## [Data records]

= Beginning of Section =

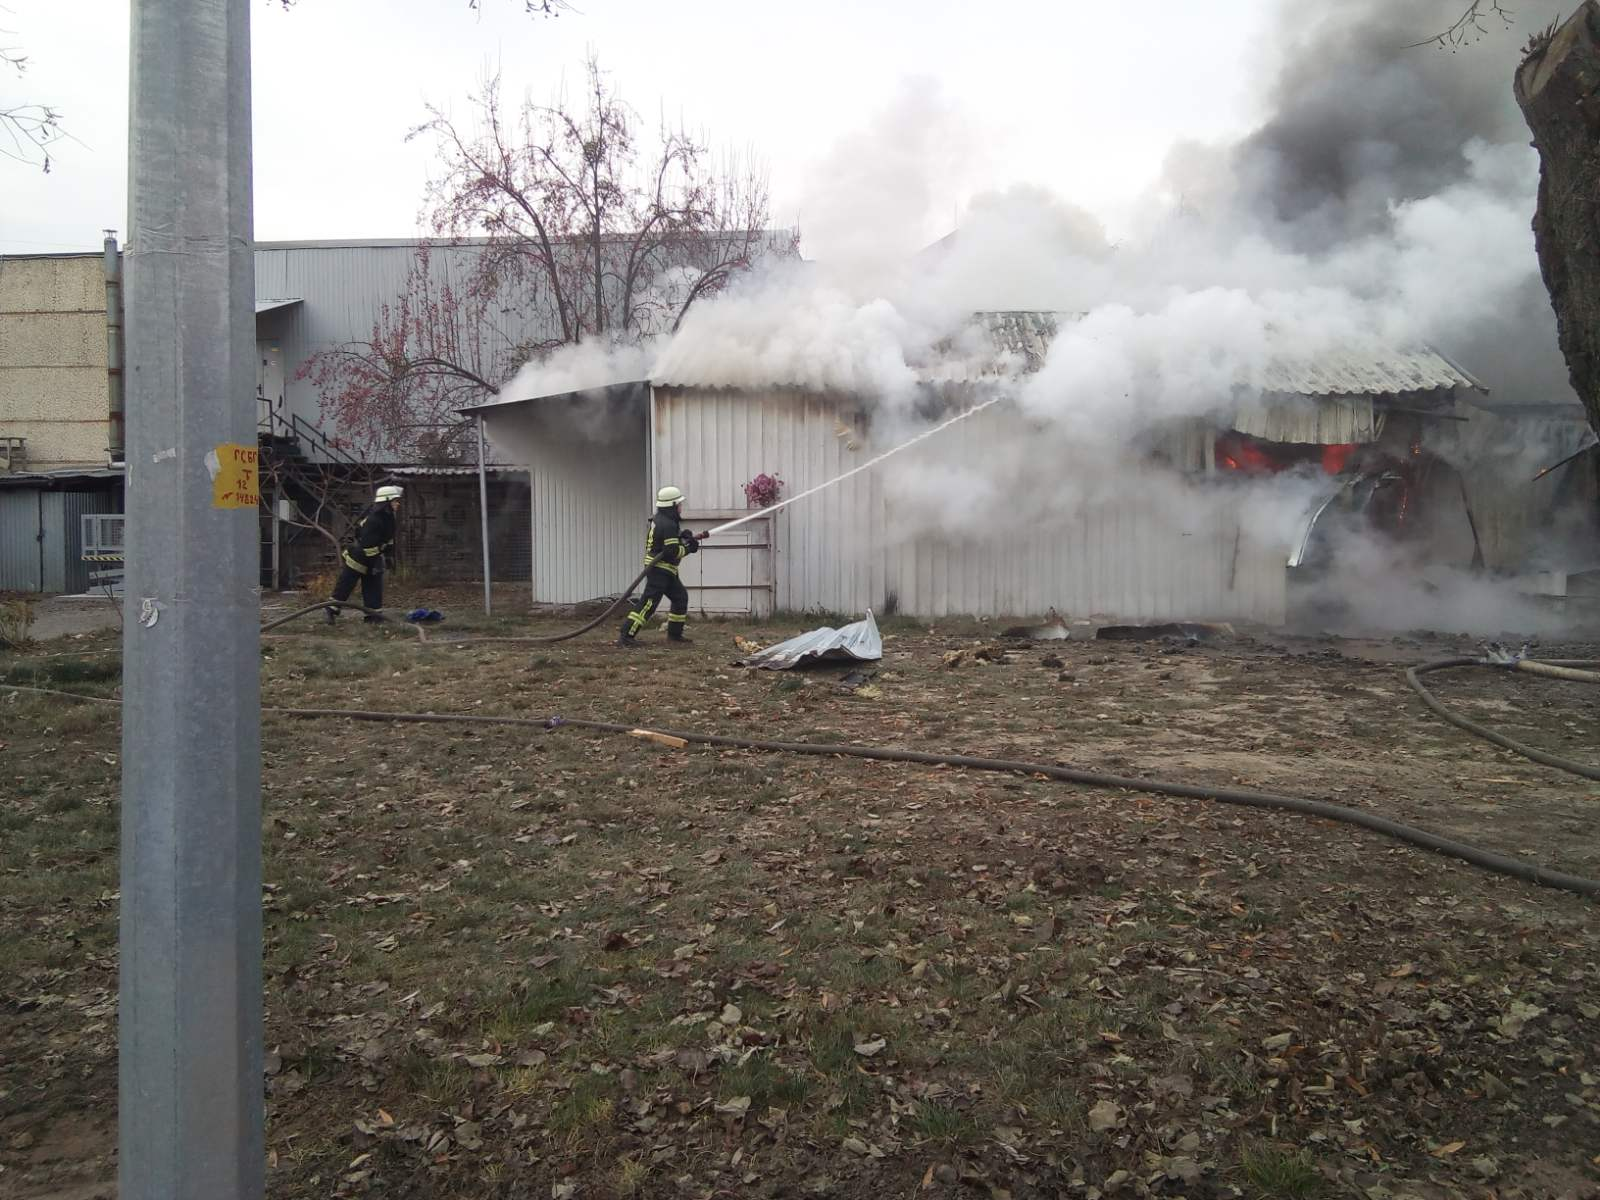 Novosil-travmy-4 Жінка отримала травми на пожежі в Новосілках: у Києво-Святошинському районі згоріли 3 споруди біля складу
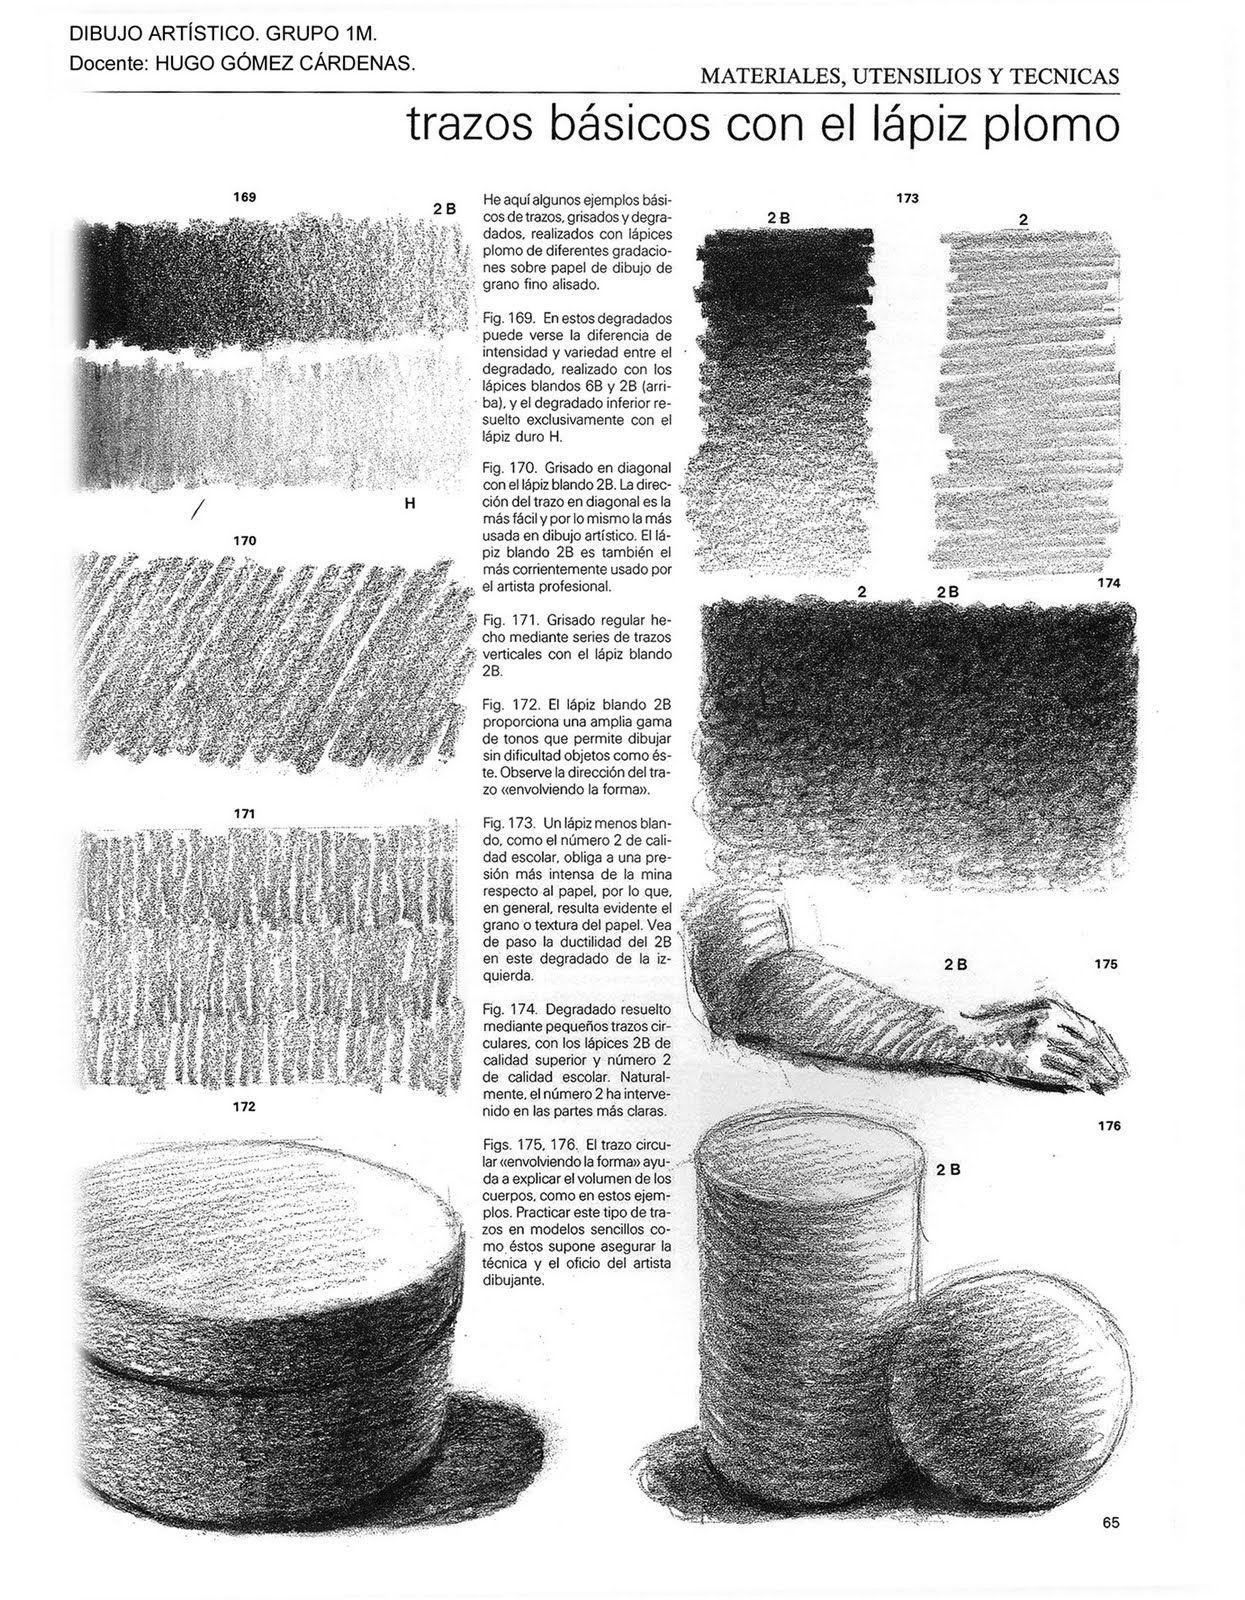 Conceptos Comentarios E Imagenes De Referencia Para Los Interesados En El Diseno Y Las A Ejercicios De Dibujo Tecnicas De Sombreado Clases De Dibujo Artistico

= End of Section =
= Beginning of Section =

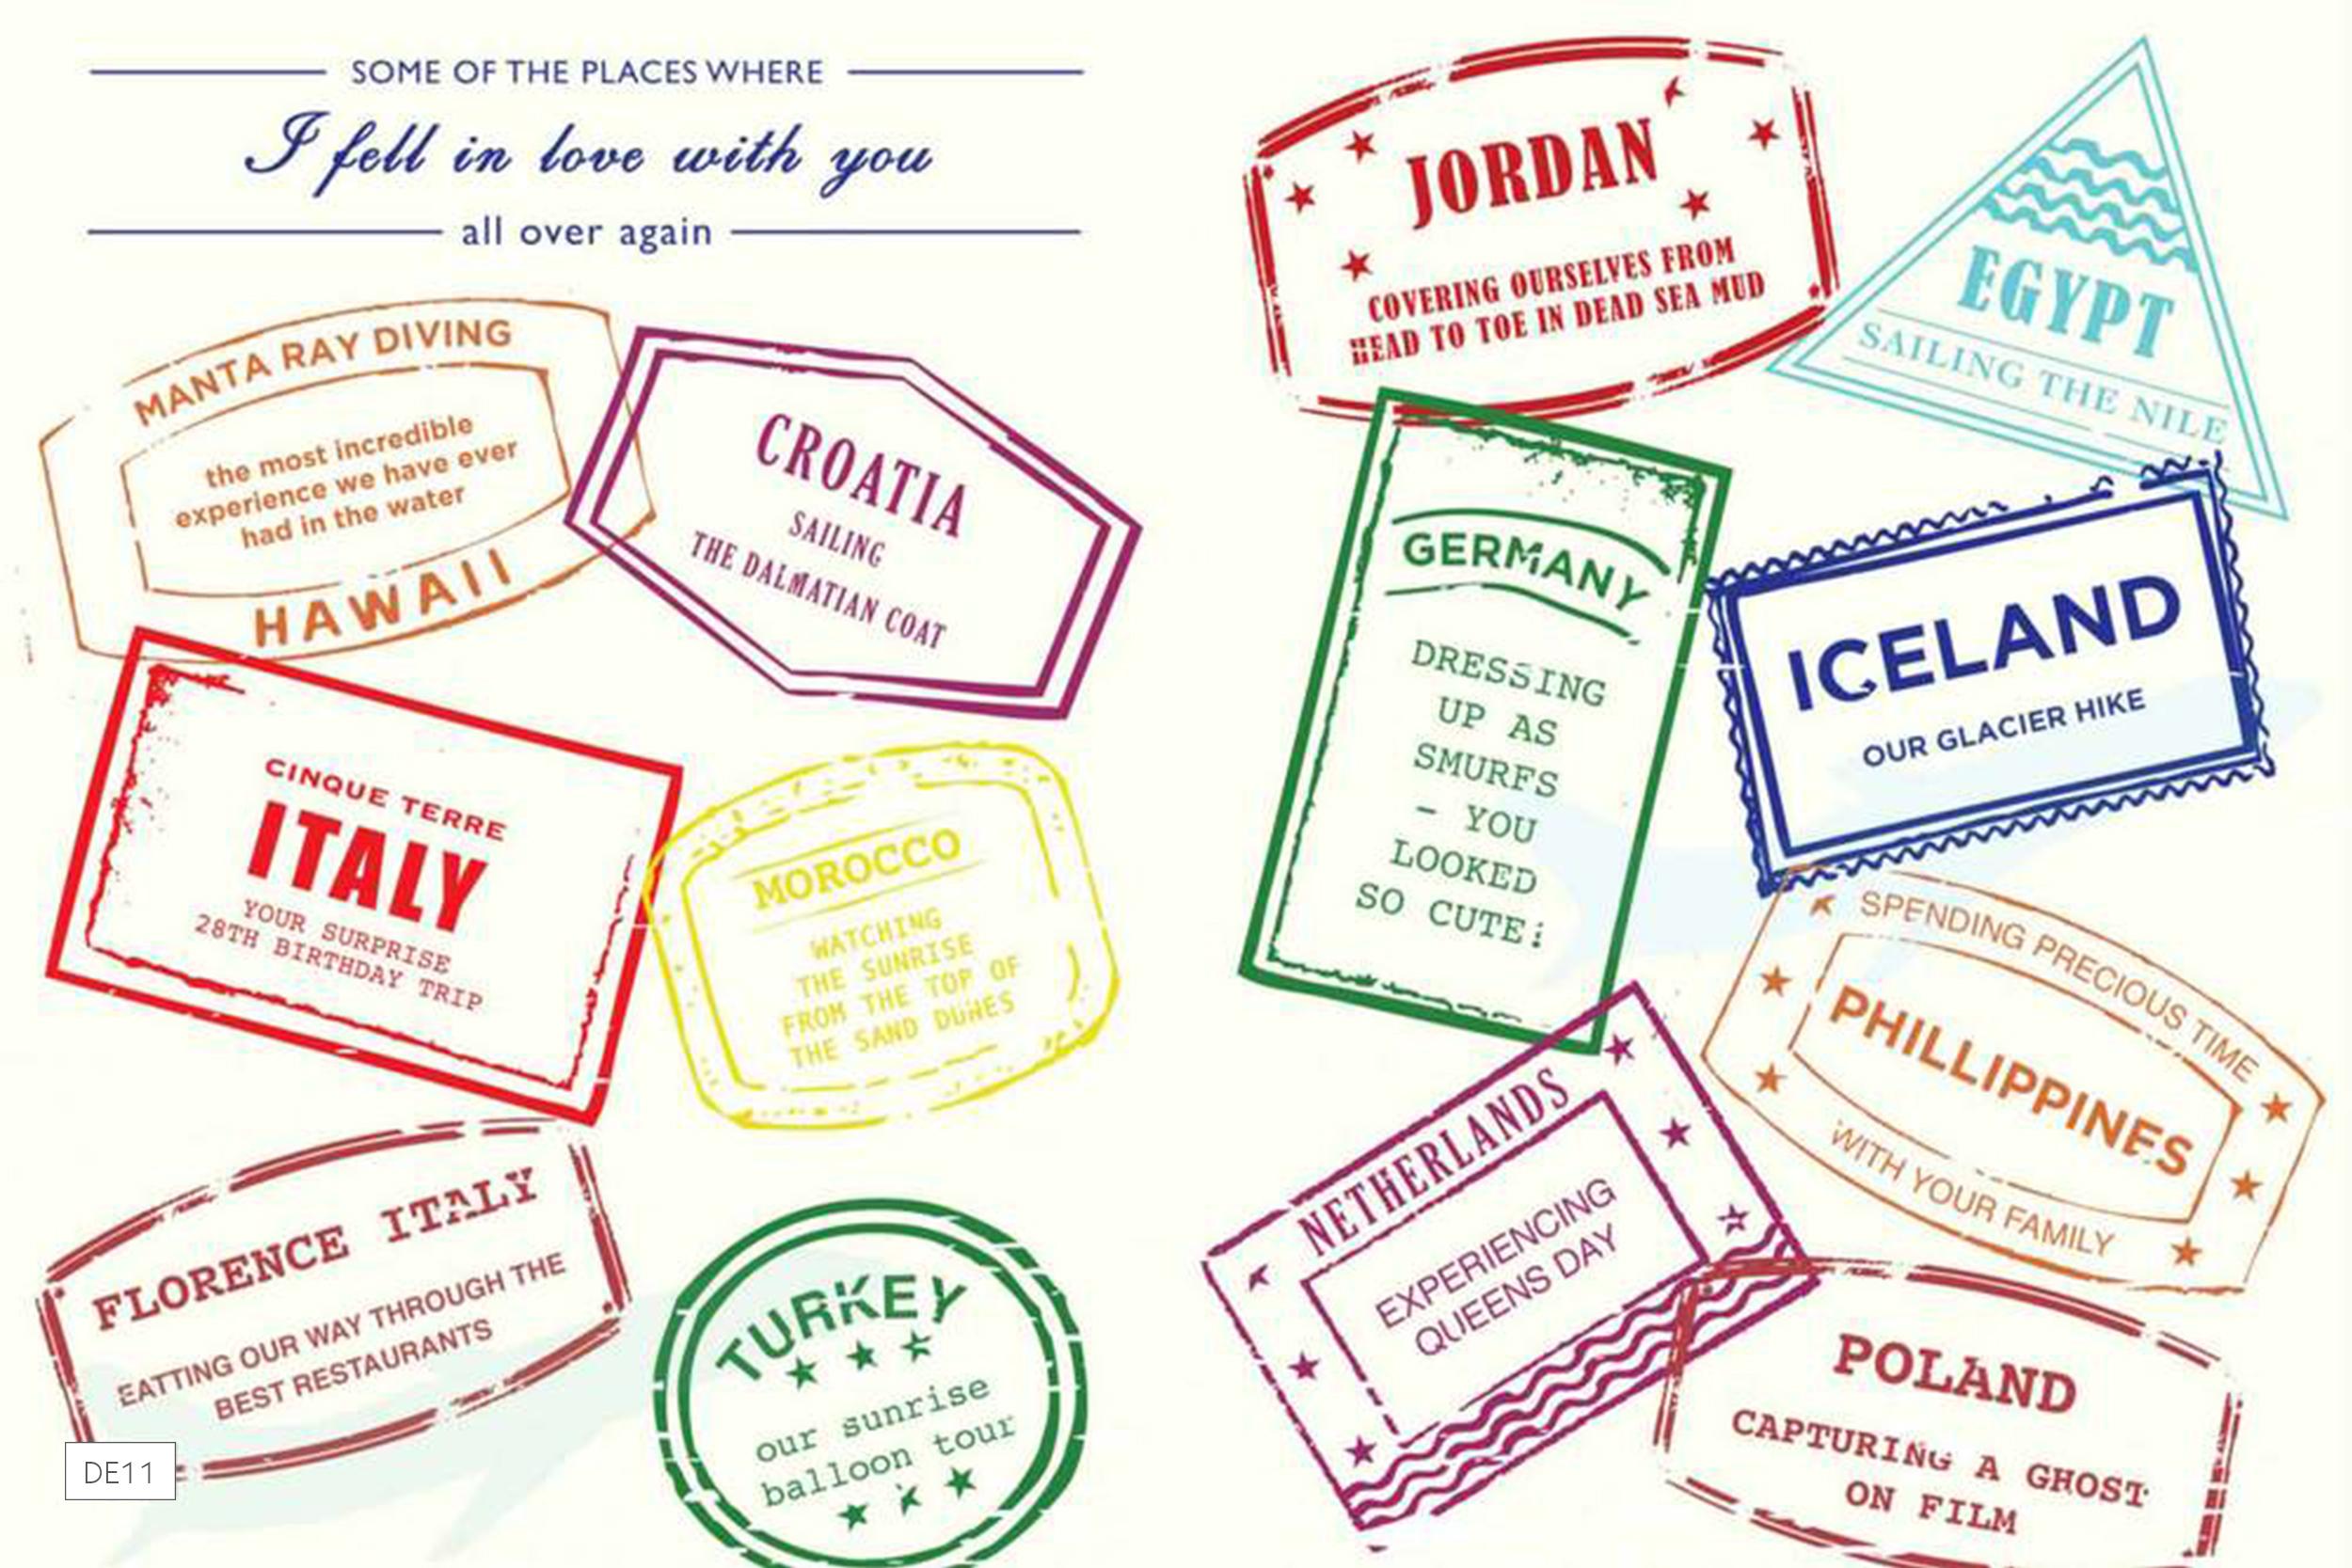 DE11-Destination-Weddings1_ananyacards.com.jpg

= End of Section =
= Beginning of Section =

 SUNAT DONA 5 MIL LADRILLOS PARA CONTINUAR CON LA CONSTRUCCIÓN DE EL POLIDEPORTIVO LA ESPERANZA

= End of Section =

## [Task]
Reproduce, exactly and only, the lines of the records above starting at the line with "Novosil-travmy-4 Жінка отримала" and ending at the line with "Conceptos Comentarios E", both included. Leave every picture out.

## [Response]
 Novosil-travmy-4 Жінка отримала травми на пожежі в Новосілках: у Києво-Святошинському районі згоріли 3 споруди біля складу
 Conceptos Comentarios E Imagenes De Referencia Para Los Interesados En El Diseno Y Las A Ejercicios De Dibujo Tecnicas De Sombreado Clases De Dibujo Artistico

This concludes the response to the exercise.